Nobody tells you you’ll be mad,
At everyone who pretends to be sad, but then tell you to move on.
It’s not their fault I KNOW.
Now it’s hard to let it show.
Nobody tells you how it’s no longer normal,
How you have a panic attack in your shower,
Only to wipe your tears and put on something formal.
You have a party, the night’s not over.
Nobody tells you you’ll have to pull over on the highway.
Take a minute, because driving is hard when you can’t see.
You’ll arrive fifteen minutes late,
It’s ok you’ll tell them there was traffic.
Nobody tells you it’s no longer normal,
Quick think of another excuse
Being sad just doesn’t cut it.
Life moves on, this isn’t news.
I don’t know if this is common.
Nobody tells you about that panic attack you had,
And later had a fight with your mother,
When you thought you’d forget her laugh.
Nobody tells you that you’ll be mad,
Realizing you won’t ever get to hug her.
I miss you. I wish there wasn’t this barrier.
I know I’m being selfish, I know you’re happier.
I would also love to be with Him.
Here, I’m just a duckling, trying to swim.
Trying to keep from drowning.
In fact, my greatest fear.

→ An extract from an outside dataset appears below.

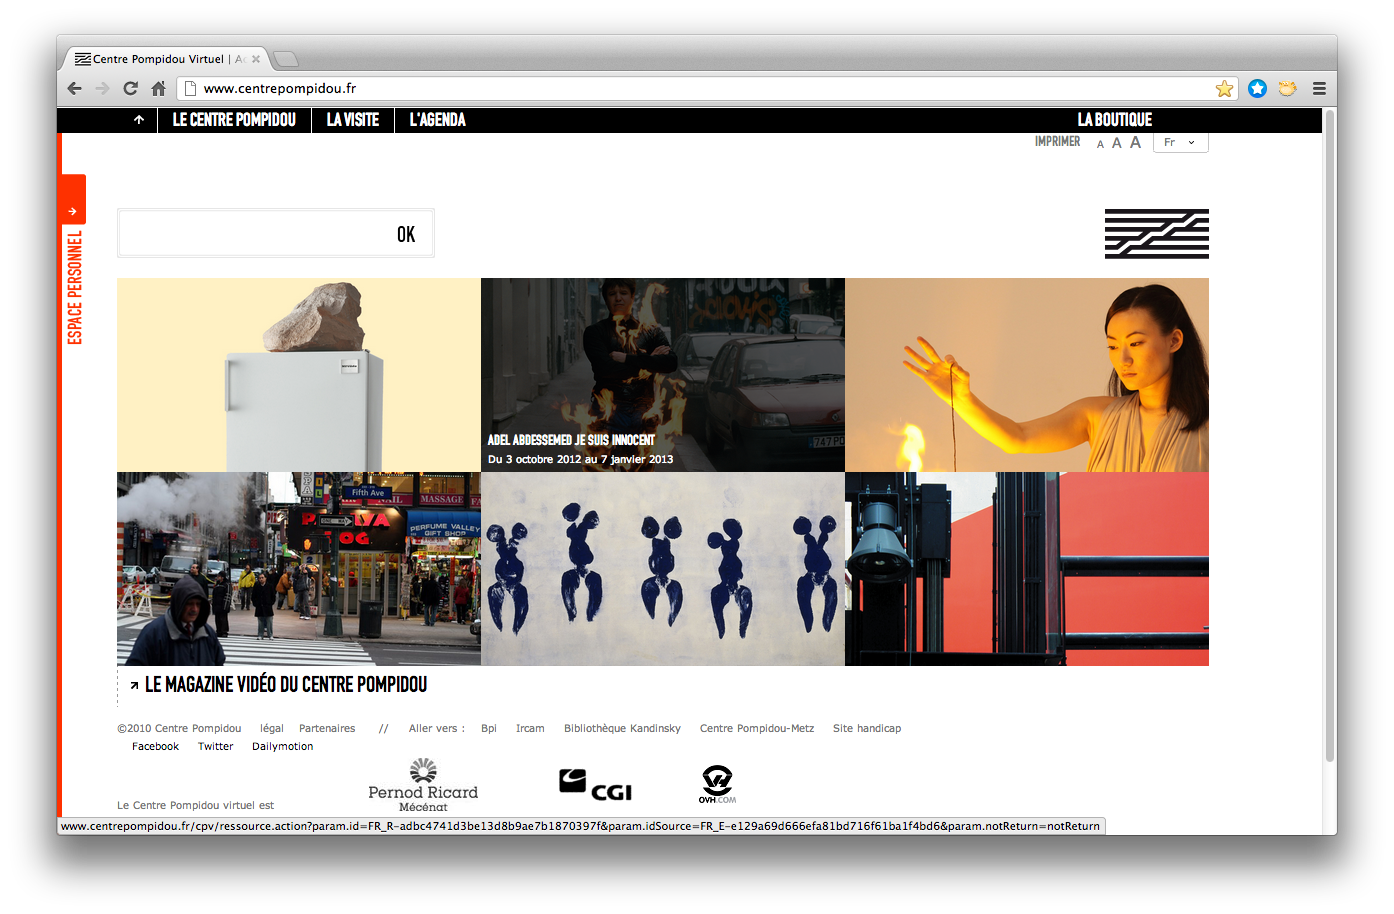 Capture d'écran, page d'accueil du site du Centre Pompidou, octobre 2012
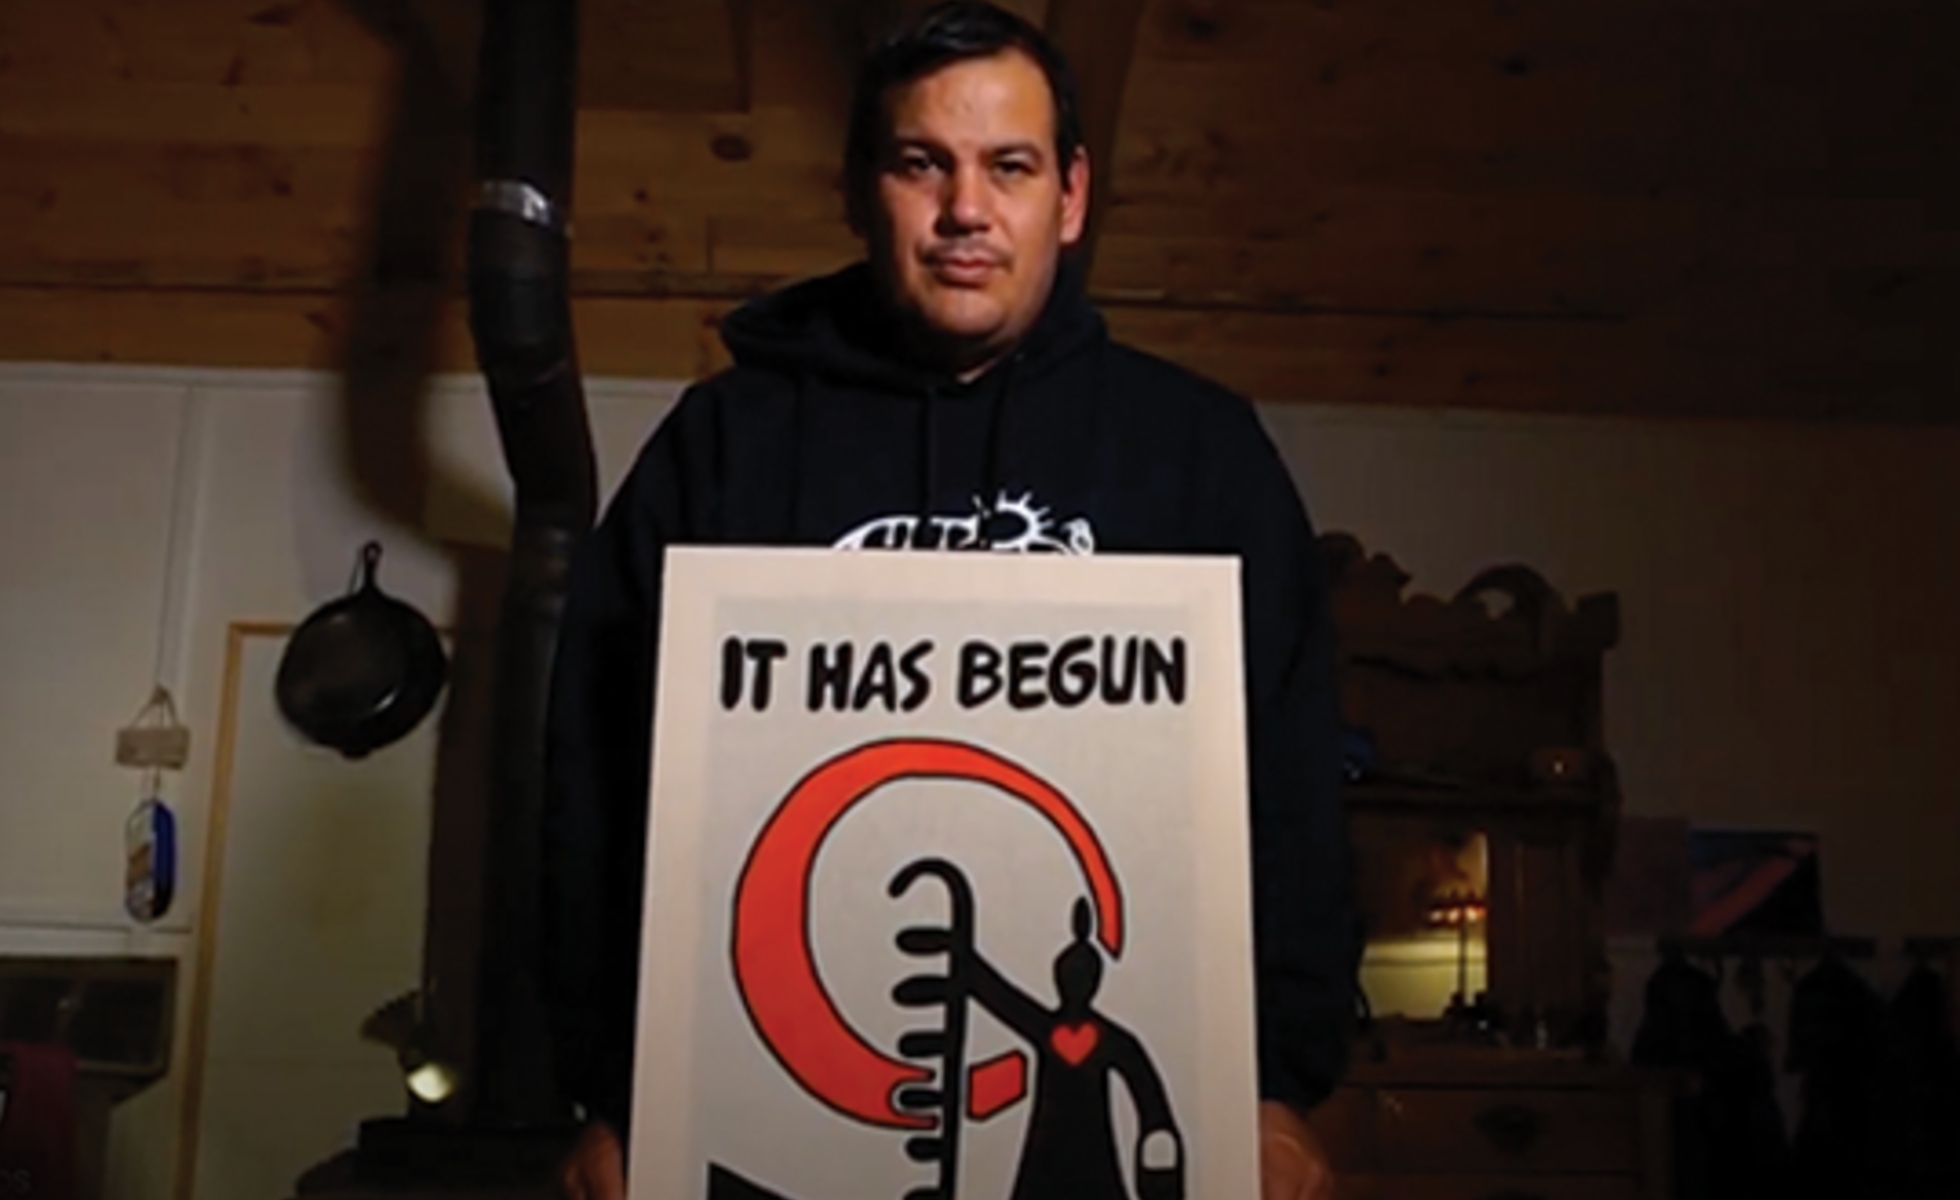 Issac Murdoch holding "It has begun" artwork.

My deepest worry.
Is not being enough, not getting to meet you again.
I can “talk to you.” I know.
I don’t have the heart to tell them it’s not the same.
An embrace is not the same.
A response is not the same.
As talking to the corner of your room.
Even if I know you can hear me,
When the flowers bloom, you won’t be near me.
Nobody tells you that on your birthday,
Your one wish was to have her,
To hear her voice, to hold her hand.
Nobody tells you how you’ll feel bad,
Why didn’t we take more pictures?
They’d be a constant reminder.
Nobody tells you how you’ll feel lonely.
Your friends by association, the ones you had in common.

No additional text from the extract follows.